Condé Nast is a global leader in the media production space housing iconic brands such as The New Yorker, Wired, Vanity Fair, and Epicurious, among many others. Along with our content production, Condé Nast invests heavily in companion products to improve and enhance our audience’s experience. One such product solution is Spire, Condé Nast’s service for user segmentation and targeted advertising for over a hundred million users.
While Spire started as a set of databricks notebooks, we later utilized DBFS for deploying Spire distributions in the form of Python Whls, and more recently, we have packaged the entire production environment into docker images deployed onto our Databricks clusters. In this talk, we will walk through the process of evolving our python distributions and production environment into docker images, and discuss where this has streamlined our deployment workflow, where there were growing pains, and how to deal with them.

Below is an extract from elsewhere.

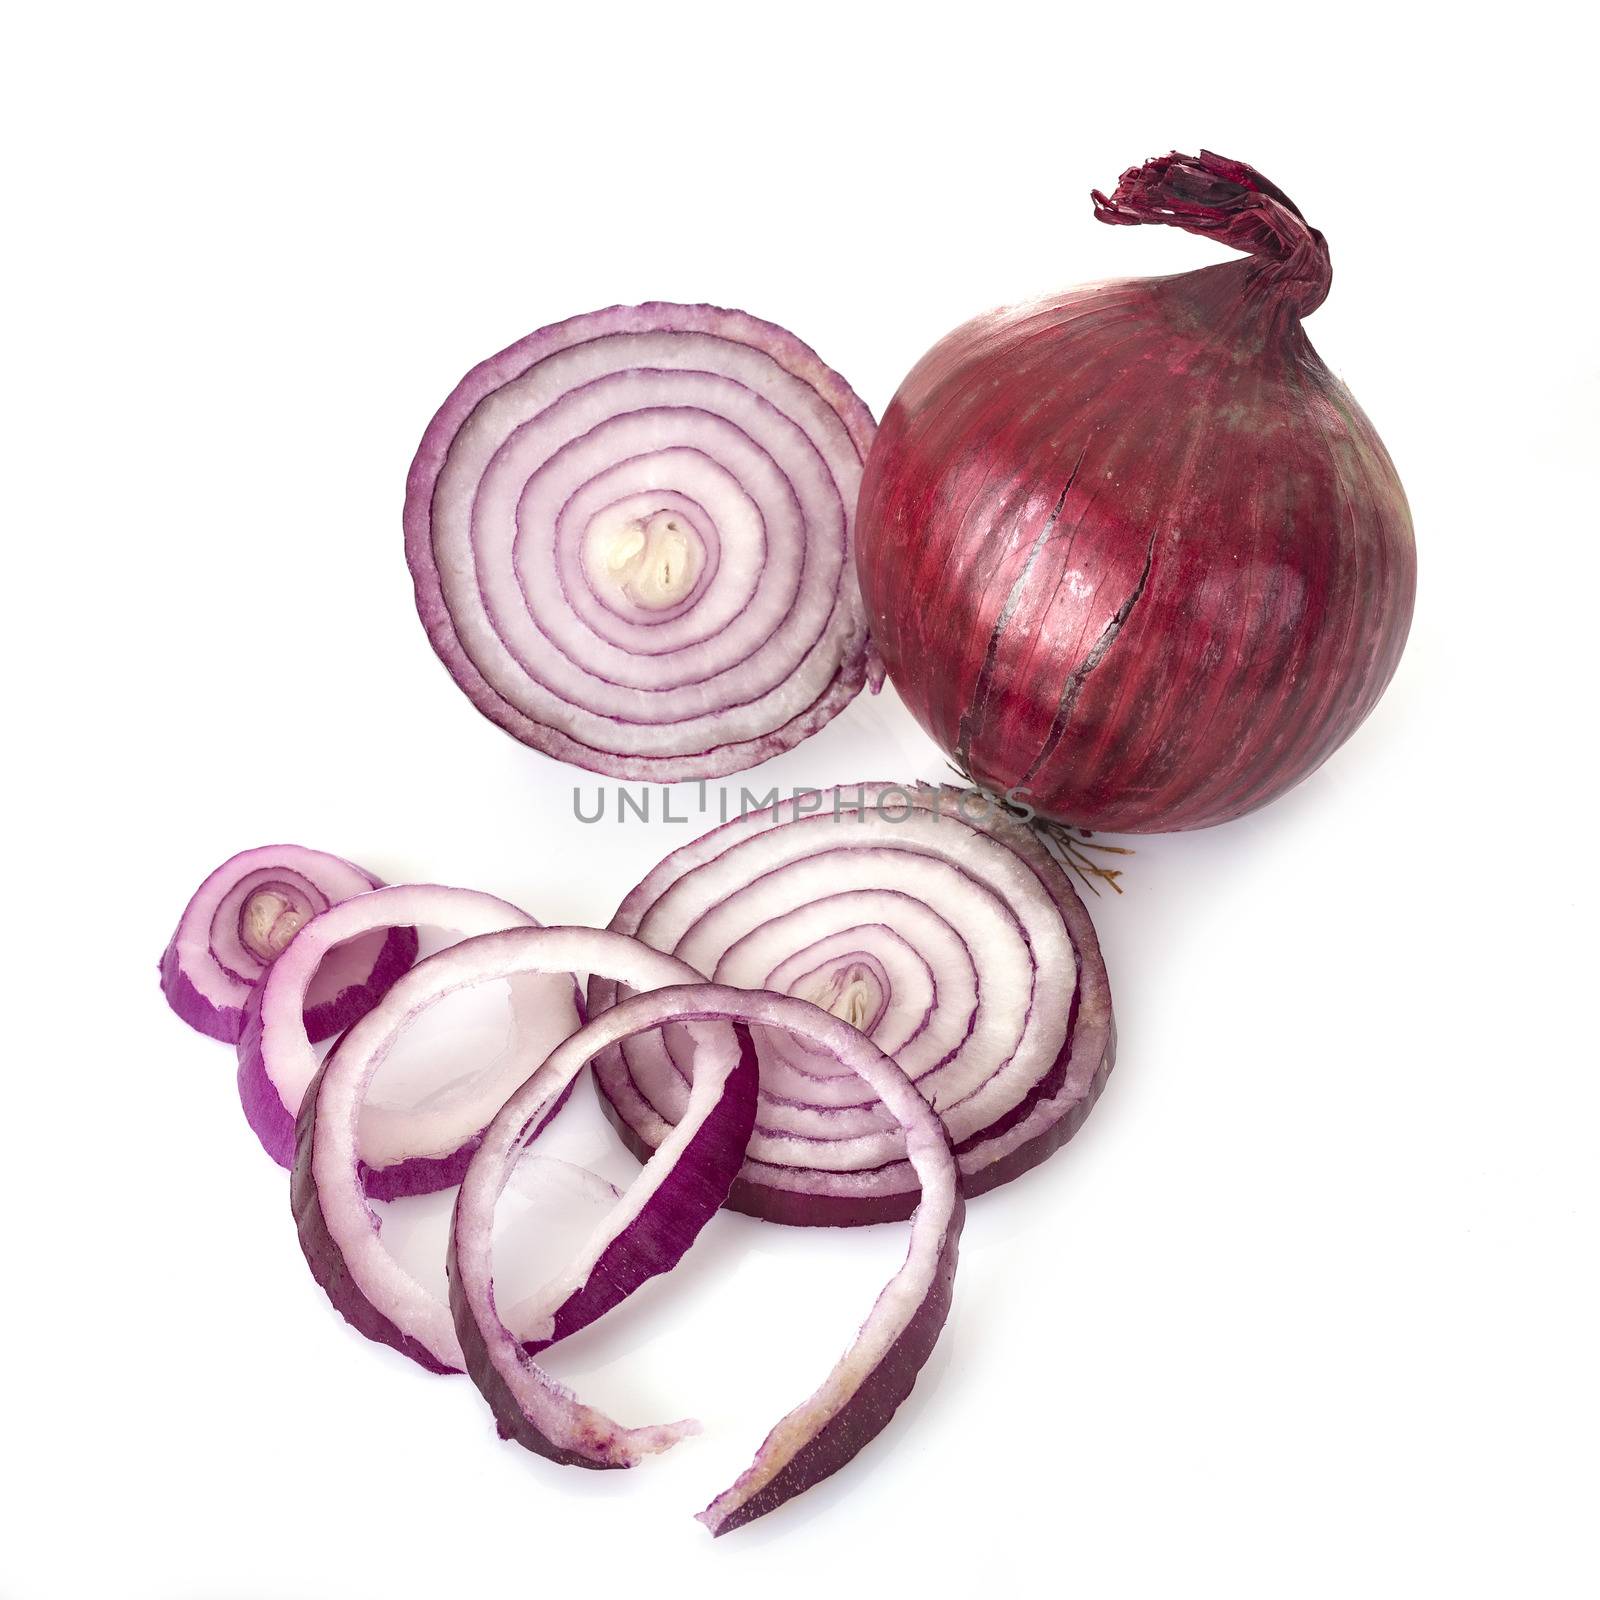 red onion in studio by cynoclub

Harin Sanghirun: Hello everyone, I thank you for joining us today. My name is Harin Sanghirun and here with me is Max Cantor. We are from the data science group at Condé Nast and today we’ll be giving a talk about, bring your own container using Docker images in production and how it helps us streamline our processes. First some introduction about Condé Nast. Condé Nast is a global leader in media, featuring many iconic brands, such as The New Yorker, WIRED, Vanity Fair, Epicurious and many more. Some of the example of machine learning tasks we use here at Condé Nast include content recommendation and audience segmentation.
Specifically today, we will be talking about our audience segmentation platform called Spire. Spire is a platform for user segmentation and ads targeting, which analyze over a hundred million user on a daily basis. Last year, we also gave a talk about how we scale production machine learning pipeline in Spire for over 1700 model. That help score use over a hundred million user every day. Linked in this slide is also the link to that talk so if you’re interested, please be free to go watch it after this one.

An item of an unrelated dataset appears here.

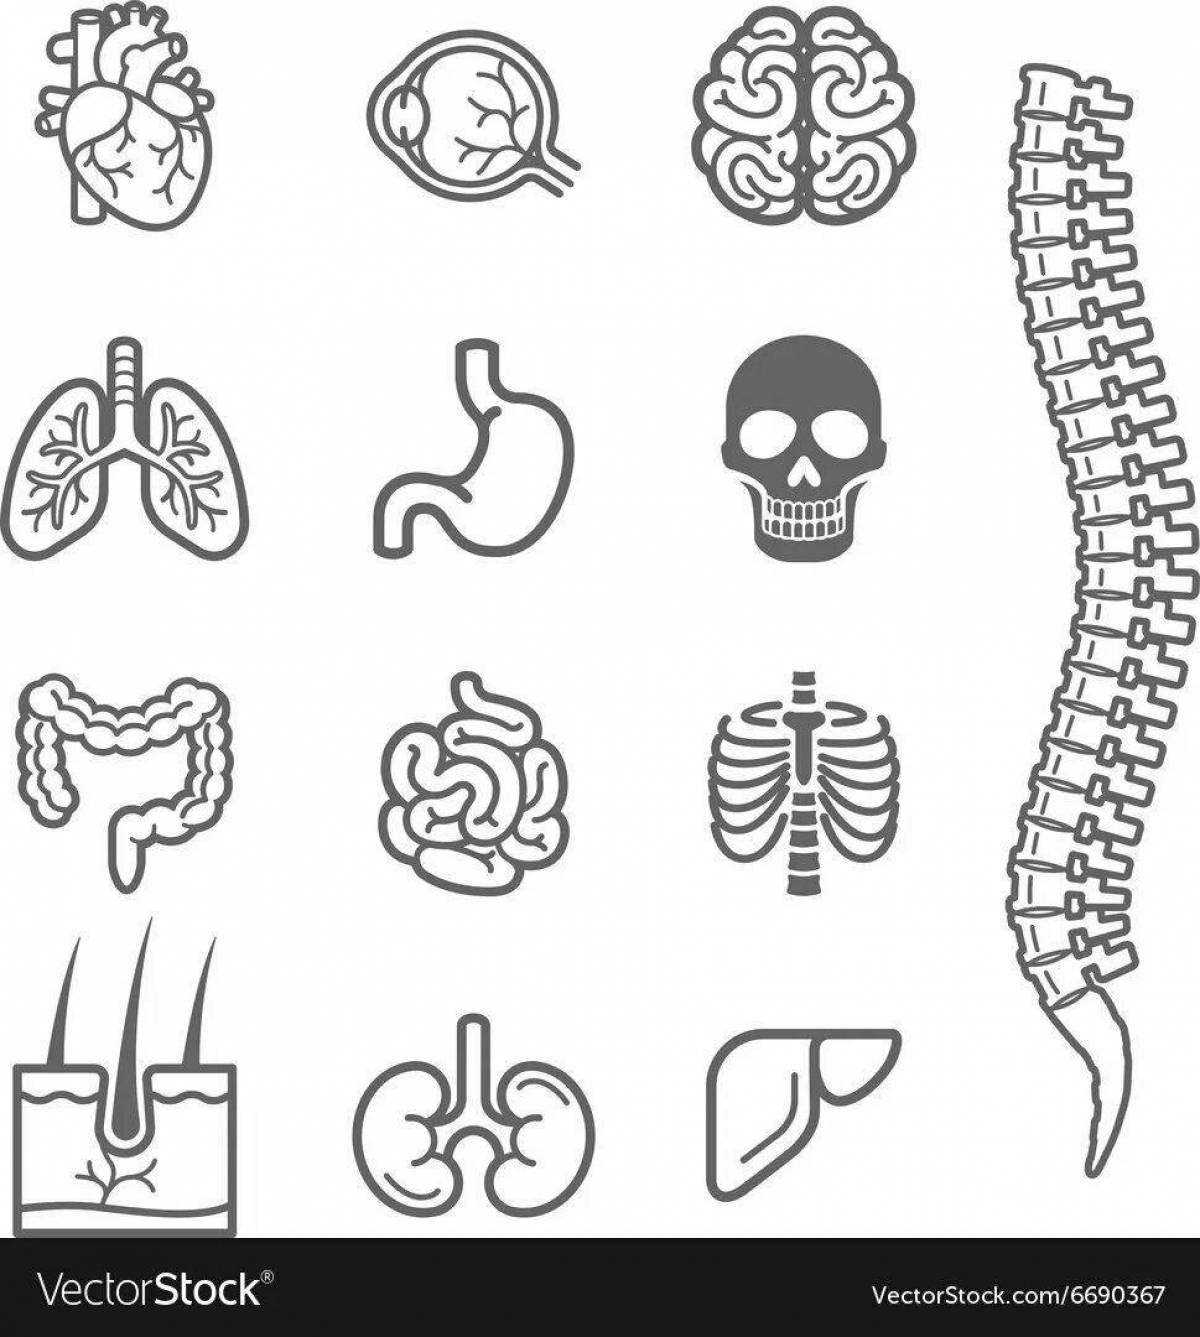 Human structure internal organs #7

As an overview of today’s presentation, we will be breaking it into three parts. The first part is the high level overview of the Spire architecture and how using Docker container streamline that process. Next we’ll be going to a detail how we actually implemented Docker in Spire and last we’ll talk about our learning experience from the process itself. Getting into the high-level overview of how Docker streamlines Spire deployment. From a thousand foot view Spire is essentially just a platform that ingest data from our first, second and third party sources.

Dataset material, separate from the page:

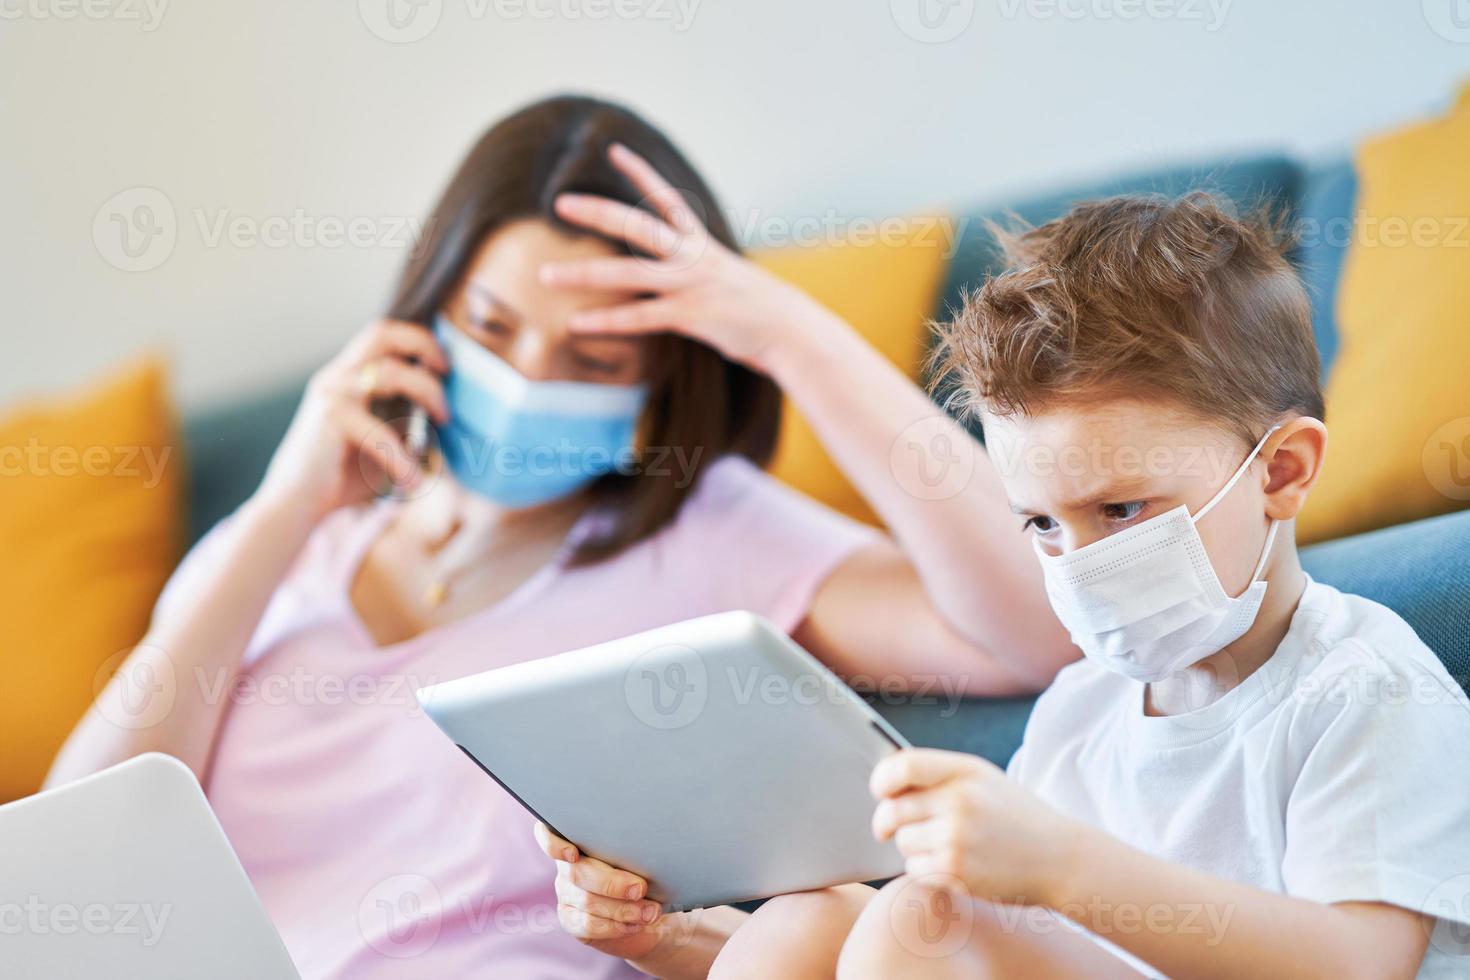 niño y madre exhausta tratando de trabajar en casa durante la pandemia del coronavirus foto

It performs machine learning tasks such as pre-processing, training, scoring, model lifecycle management. For example, training each model on a weekly basis and running the latest model or the best model on user on a daily basis. Then once we have the score, we upload the data into a Delta Lake that gets read by downstream processes. Most of these processes can be categorized into two categories. One is ad targeting and the second one is content recommendation. The way that user will see these by upward will be either through more relevant ads for the user or recommendation of the content that might be relevant to that user.
Digging down a little deeper Spire contains three main components. The first component is called Kalos, which is our modeling library. Kalos handle things like model interface standardization, serialization, versioning and tracking at hyperparameter tuning. Kalos is also fully integrated with MLflow and Spark MLlib. Next, it’s our more standard software application, which is this Spire Core Library. This component handles the database management, scheduling and orchestration. The last component is the Data Science Common Library, which is just a utility library that we share with team members of our team.
Here you can see the diagram of how we deploy each component of Spire to production without a container. This is what we were using previously. Each component of Spire will have its own deployment pipeline and this pipeline mainly involve two things. One is the quality control which is done through automatic testing and code we use. When the automated testing passes and the code got approved, we have an automatic deployment system which create a Python wheel and then upload it to DBFS. As you can see, each of the component of Spire has its own separate wheel and it will be version according to the standard. Then downstream task, which uses Spire will install these wheel individually, each sub-component individually to perform some tasks.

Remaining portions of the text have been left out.